Note For more information, see TAC case CSCsa73337.
Q. How do I debug CNS on a PIX device?
A. Enter the following CLI commands:
logging monitor debug
Tip You can also find relevant information in the PIX log on the CNS server.
Q. How do I debug CNS on an IOS device?
A. Enter the following CLI commands:
debug cns all
debug kron exec-cli
Tip When working in event mode, you can also find relevant information in the event log on the CNS server.
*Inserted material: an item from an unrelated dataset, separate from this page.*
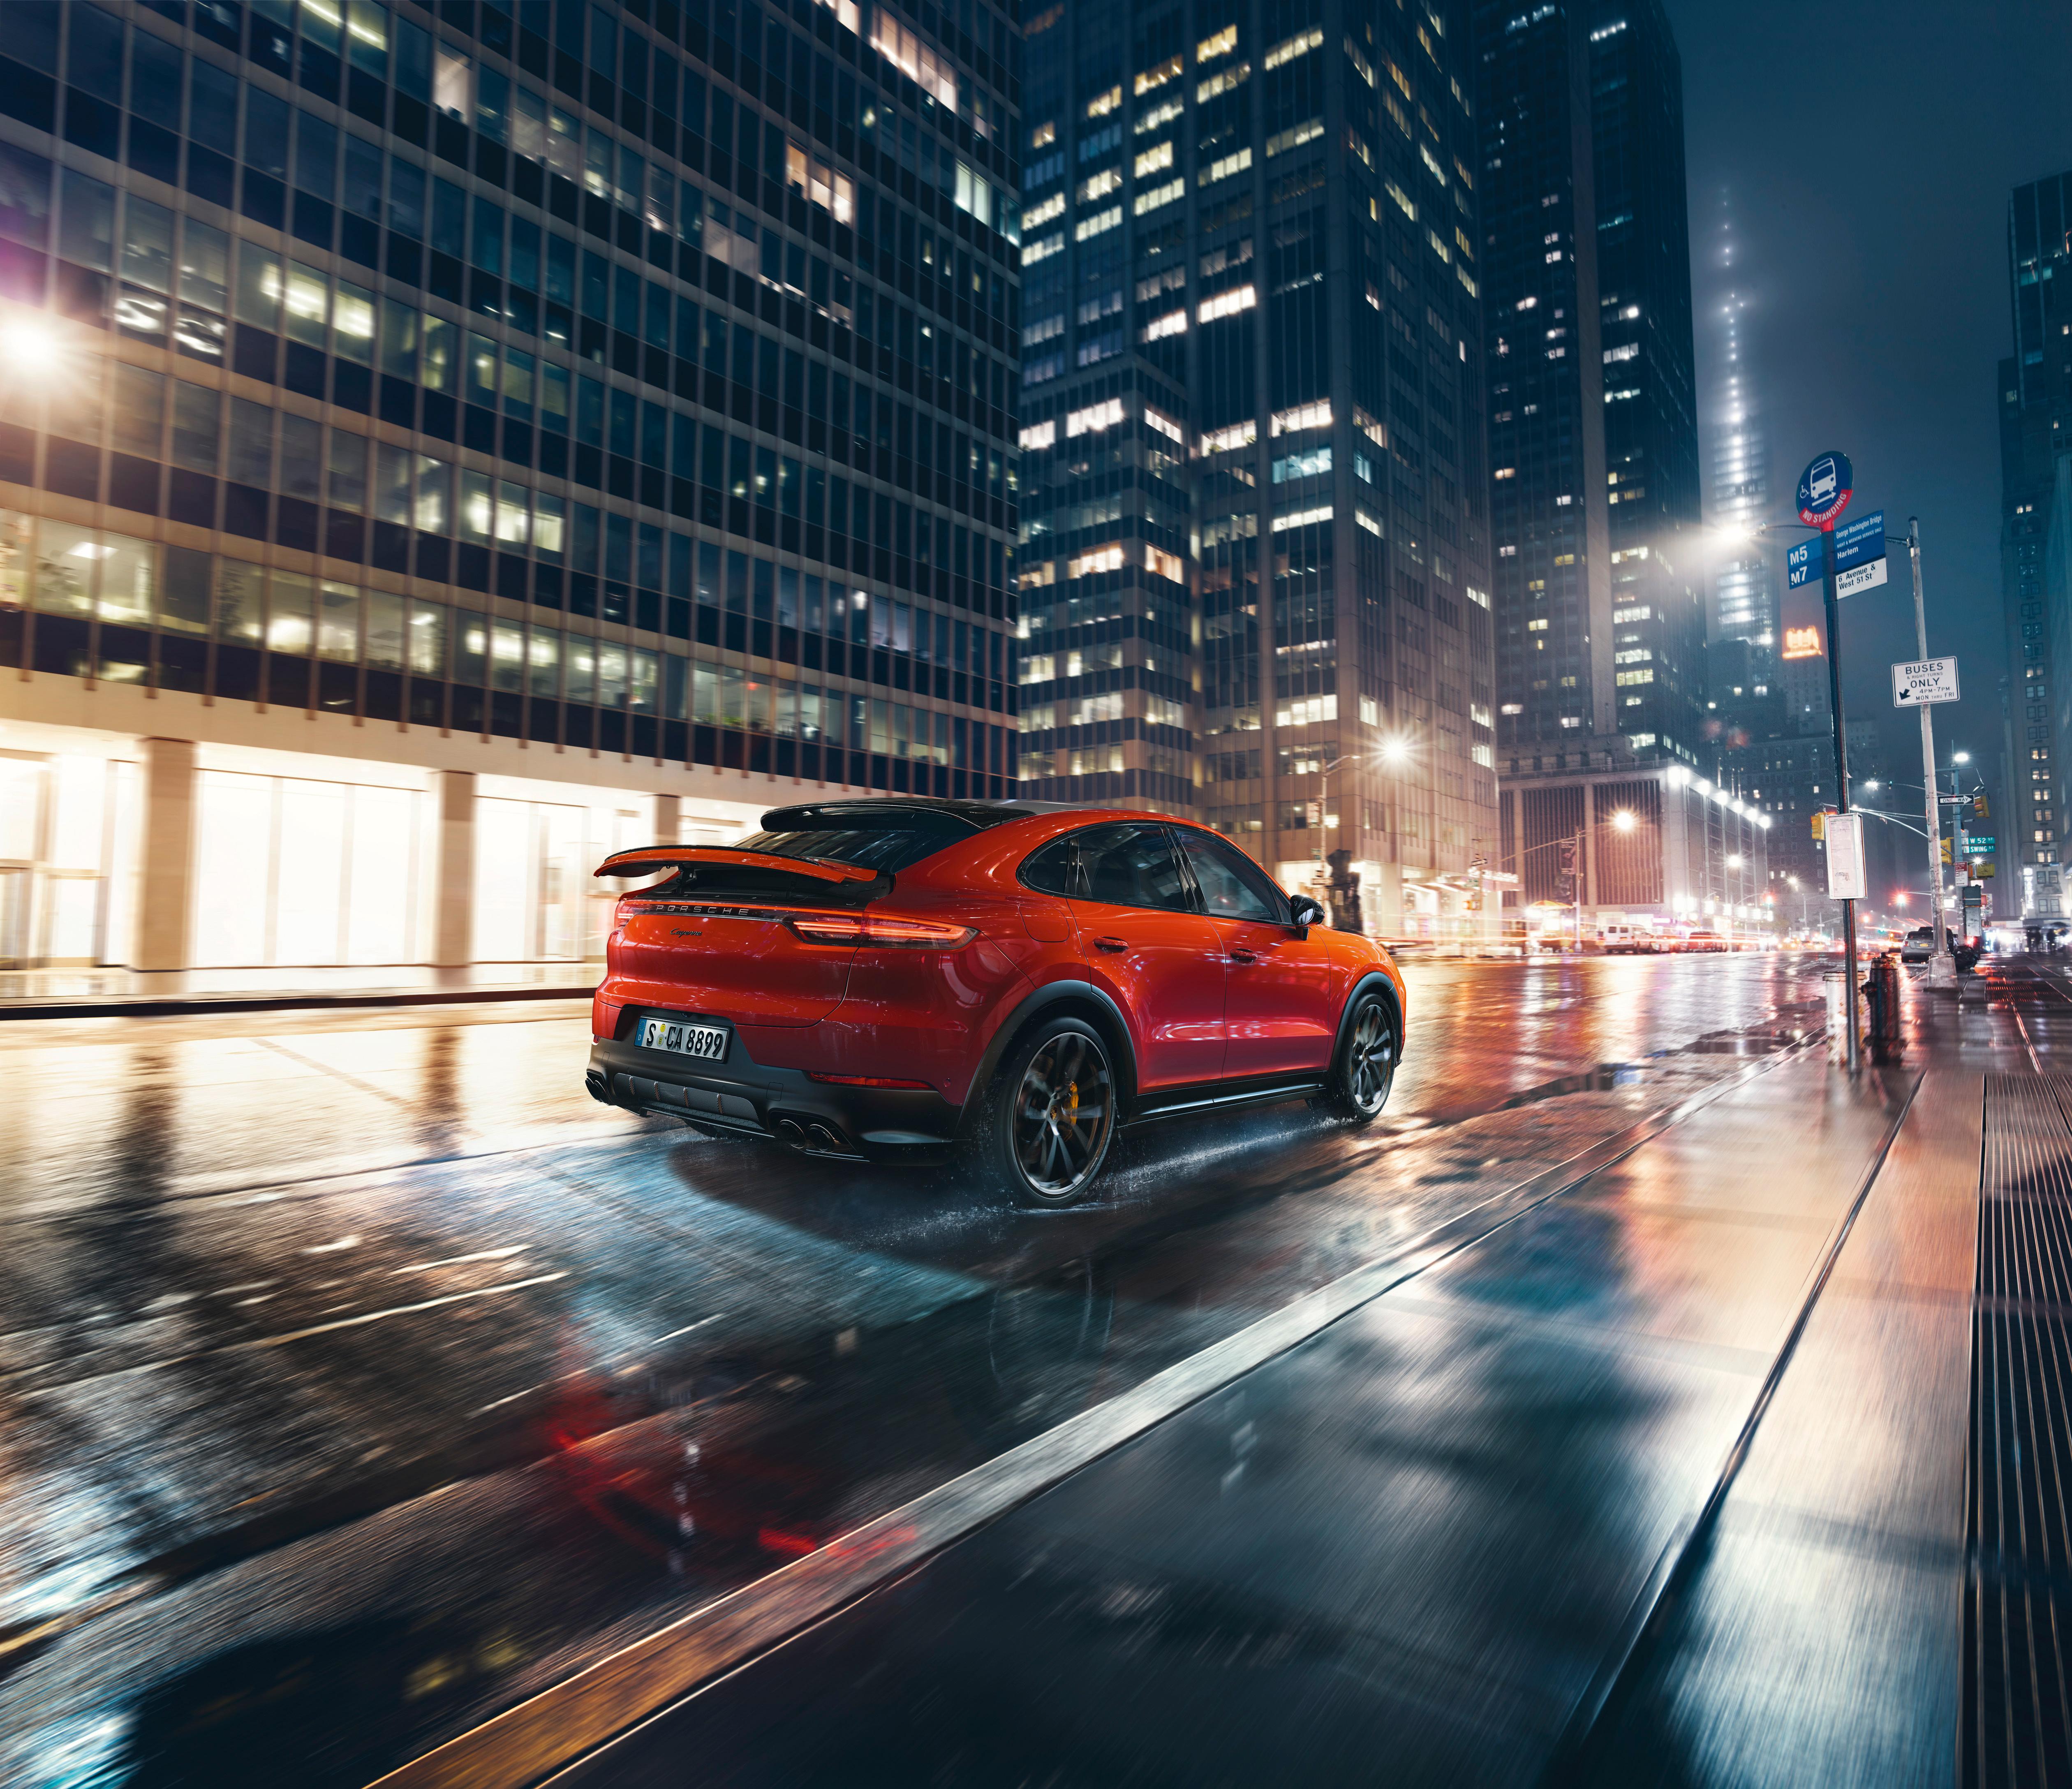 2560x1080 Porsche Cayenne Coupe 2019 5k 2560x1080

When working in call home mode, check the config server log on the CNS server.
Q. Why did I fail to discover an IOS device and acquire its configuration through CNS?
A. If you see the following errors in debug mode:
*Feb 23 21:42:15.677: CNS exec decode: Unknown hostname cnsServer-lnx.cisco.com ... 474F6860: 72726F72 2D6D6573 73616765 3E584D4C error-message>XML 474F6870: 5F504152 53455F45 52524F52 3C2F6572 _PARSE_ERROR</er
Verify the following:
–The CNS commands use a fully-qualified host name (host name and domain name).
–The device contains ip domain name your domain name.
–The device contains ip host fully-qualified-cns-hostname cns-ip-address.
Q. Why does not the event mode router appear on the CNS Discover Device page or appear in green on the CNS web page?
A. Check the following:
–Make sure that the router and the CNS server can ping each other.
–Clear the cns event command, then re-enter it without specifying a port number.